CK Asset Holdings has found a buyer for its 5 Broadgate complex in London, with Bloomberg reporting on Friday that Korea’s NPS has agreed to buy the office asset, which serves as UBS’s London headquarters, for around £1.25 billion ($1.65 billion) through a LaSalle Investment Management vehicle.
The acquisition of the property by the Korean pension organisation, which has some $778 billion in assets under management, is its second major investment in London in the last three months and its third major buy globally within the same interval, after the NPS committed to a $2.5 billion San Francisco project in October.
The NPS-LaSalle offer won out over competing bids by Abu Dhabi sovereign fund Mubadala Investment Company and mainland billionaire Du Shuanghua’s Bright Ruby Resources to win the rights to the 700,000 square foot (65,032 square metre) complex in the Bishopsgate Without area of the City of London, according to a report in the UK’s Estates Gazette.
The deal comes as a boom in London office investments is bringing Asian capital flocking to the city, with Singapore’s Sun Venture said last week to be buying a freehold asset from WeWork and Hong Kong’s Kerry Properties having snatched up a West End office block for $199 million in September.
CK Asset Finds an Exit
The property developer controlled by Hong Kong’s richest man, Li Ka-shing, had reportedly been looking for a buyer for 5 Broadgate since June of this year, with CK Asset said at the time to have set a minimum price of £1 billion for the six-year-old property.
Sometimes referred to as a “groundscraper”, the 13-storey building, which includes 12 office floors, is leased to UBS through at least 2035 and forms part of the 4.7 million square foot Broadgate commercial complex developed by LSE-listed British Land.
CK Asset had acquired the property, which was built to suit for UBS, from British Land and GIC for £1 billion in June 2018. At the reported compensation, the developer is receiving approximately £1,786 per square foot for 5 Broadgate.
The Hong Kong-listed developer has yet to make a statement on the reported sale, and inquiries by Mingtiandi remained unanswered at the time of publication. Colliers International had represented CK Asset in the sale.
Korean Shopping Spree
The NPS was a primary contributor to what property agency Savills referred to as a record-breaking September for the investment market in the City of London, when the Korean fund’s partnership with Hines and local player Lipton Rogers Developments agreed to pay approximately £200 million for a site at 18 Blackfriars Road in the financial district.
That investment, which gives the new owners rights to an already-approved project including a 32-storey office tower, a 53-storey residential structure and a 324-key hotel, helped bring total transactions in the district that month to over £1 billion.
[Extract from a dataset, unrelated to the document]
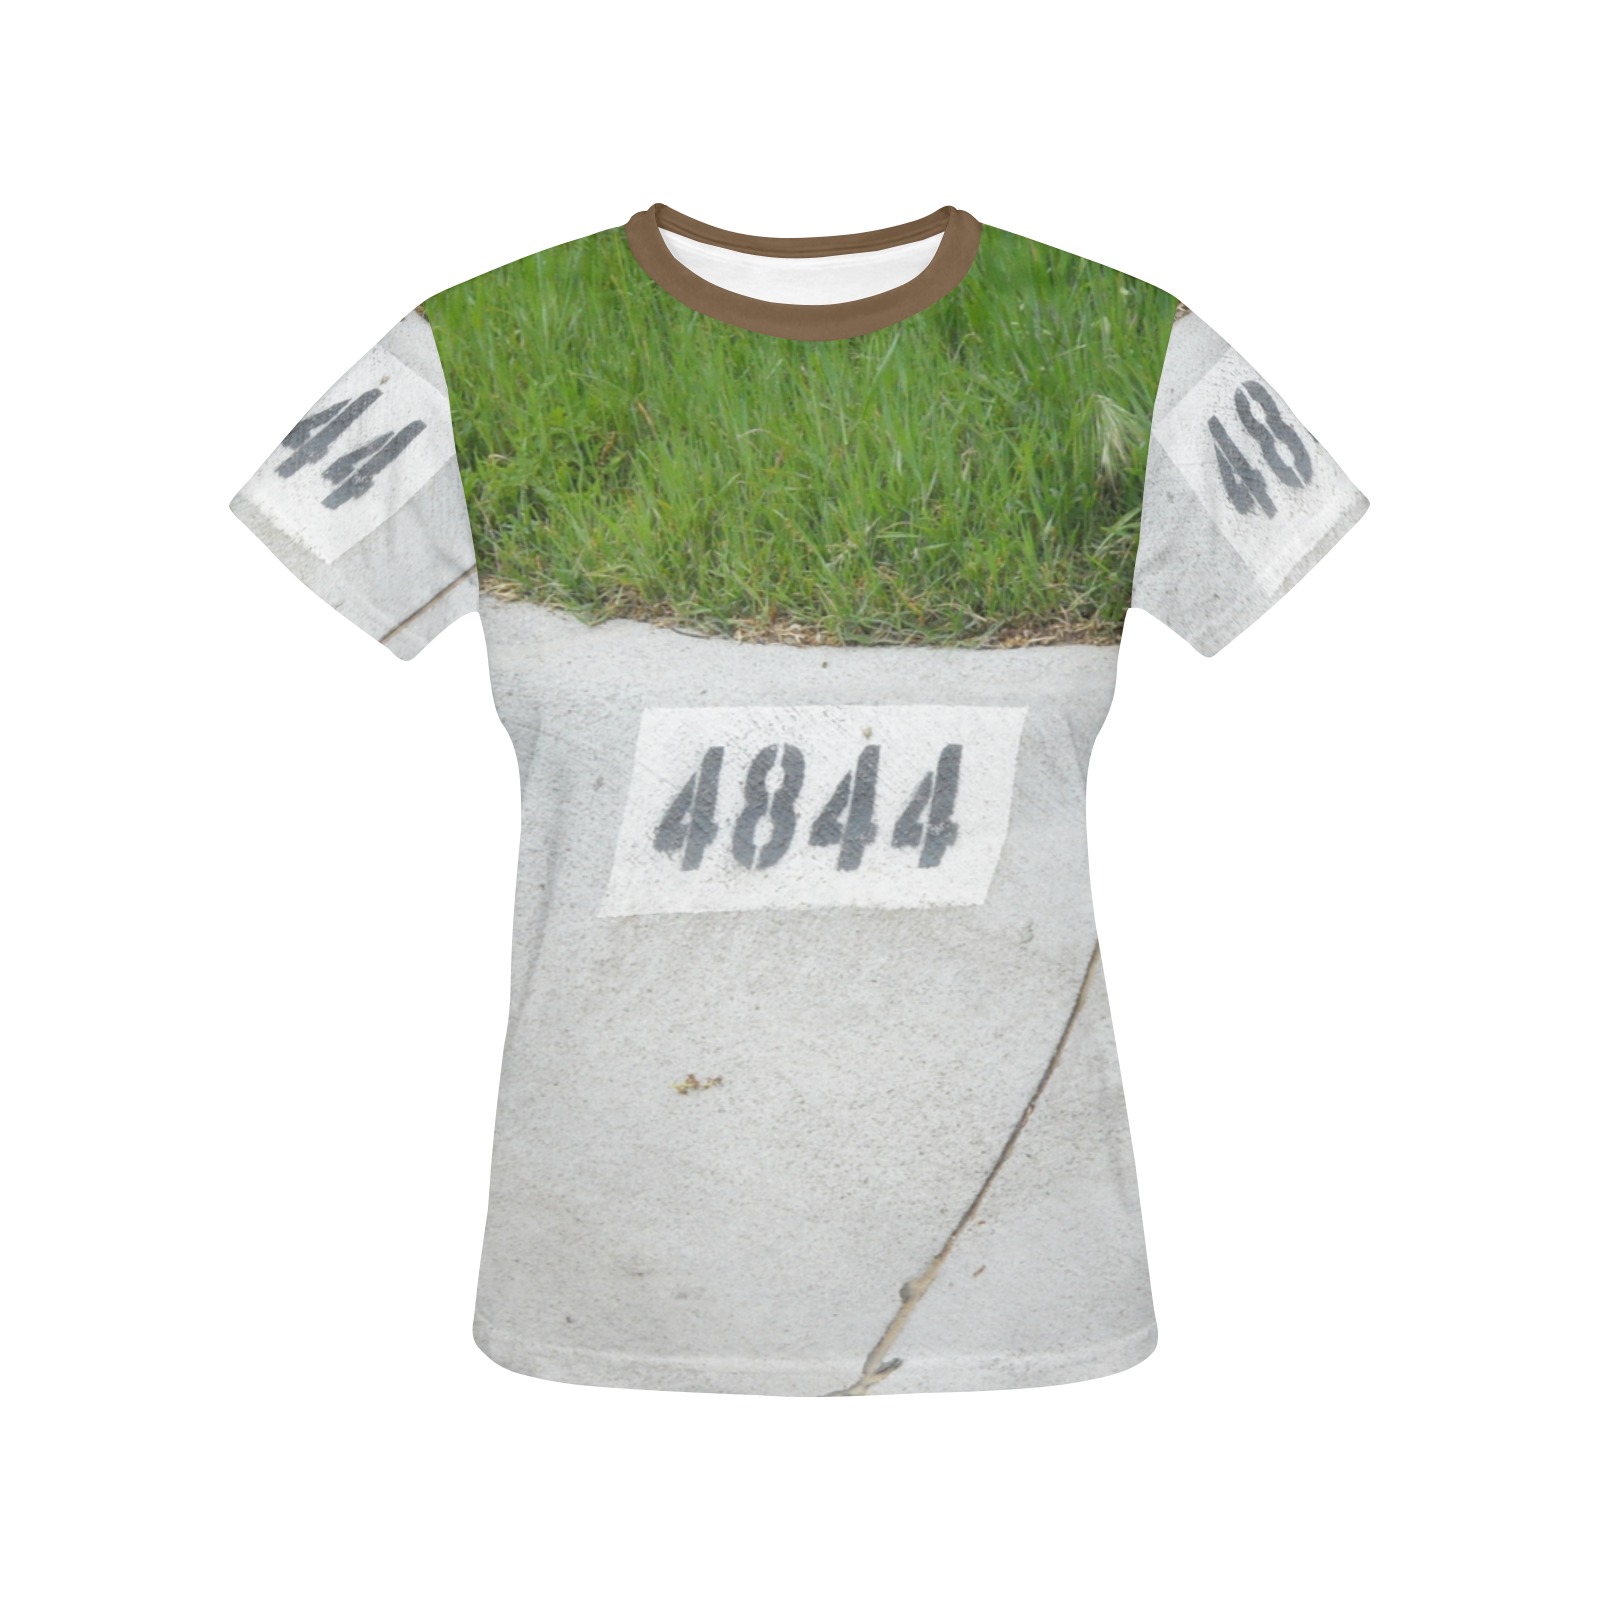 Street Number 4844 with brown collar Women's All Over Print Crew Neck T-Shirt (Model T40-2)

For the first three quarters of 2021, Savills reported £5.35 billion in investment in the City of London, which is 14 percent above the five-year average for the district during the period.
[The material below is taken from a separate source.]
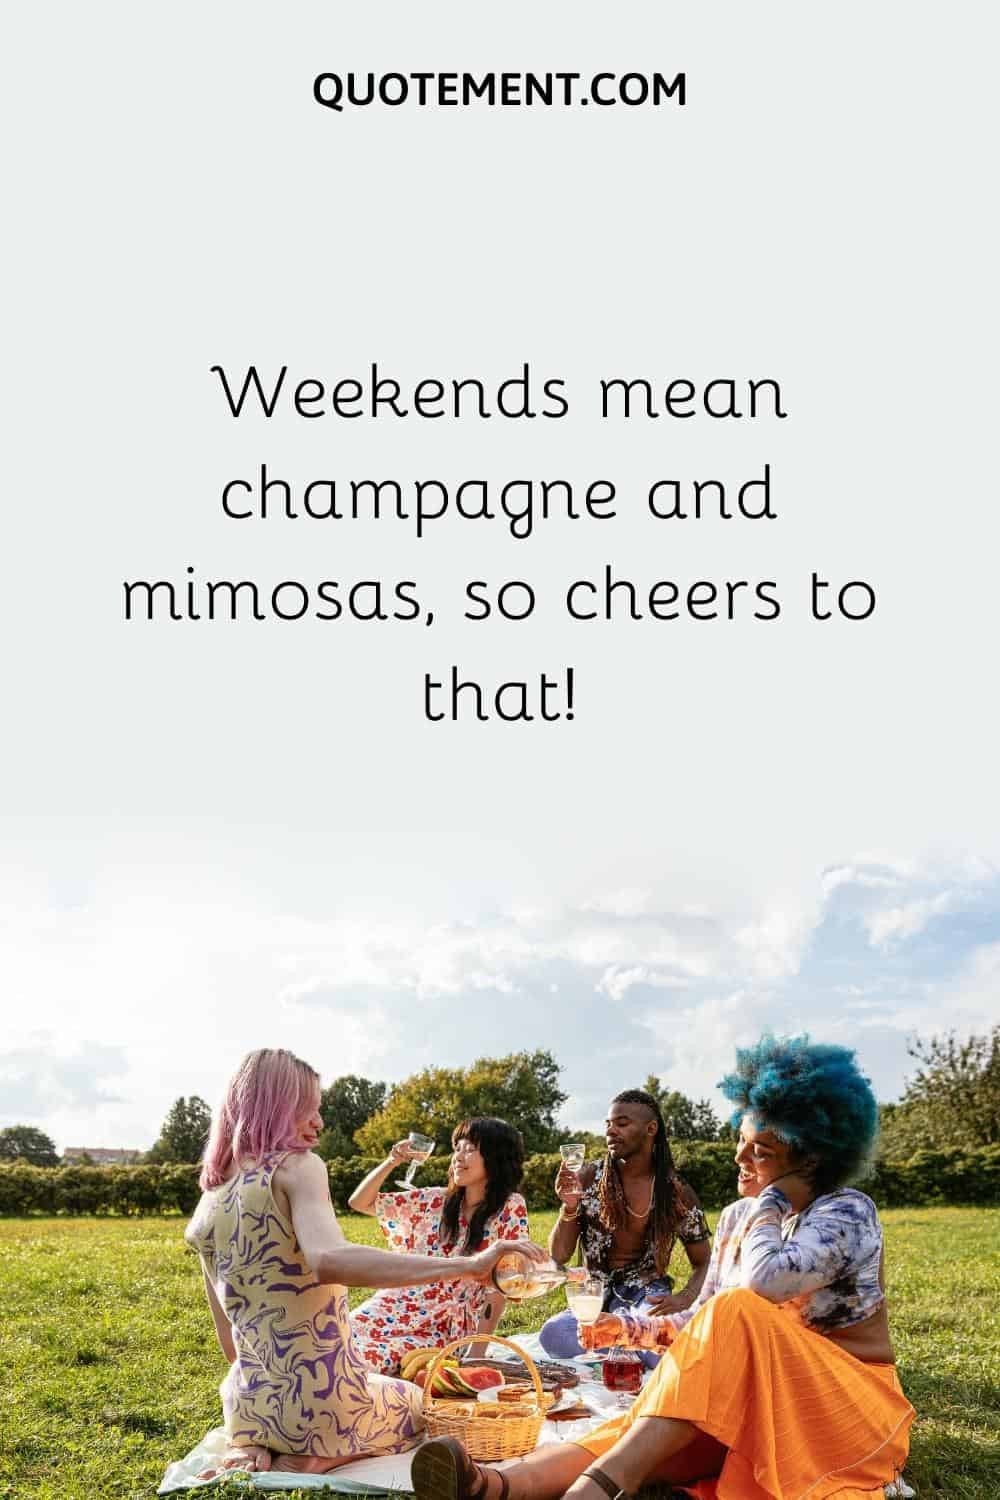 Weekends mean champagne and mimosas, so cheers to that!

During the same month that it committed to the London deal with Hines, the NPS also teamed up with the Houston-based developer and fund manager to announce a $2.5 billion redevelopment project for the Pacific Gas & Electric Company campus in San Francisco’s South Financial district.
In July, the NPS agreed to pay $900 million to acquire Lendlease’s Melbourne Quarter Tower in the capital of Australia’s Victoria state for $900 million.
The NPS also has some history working with LaSalle, after the Chicago-based fund manager purchased Goldman Sachs’s European headquarters at Plumtree Court in the City of London on the Korean fund’s behalf in 2018. Media reports at the time indicated that Goldman Sachs received £1.2 billion for the property, which it continues to occupy.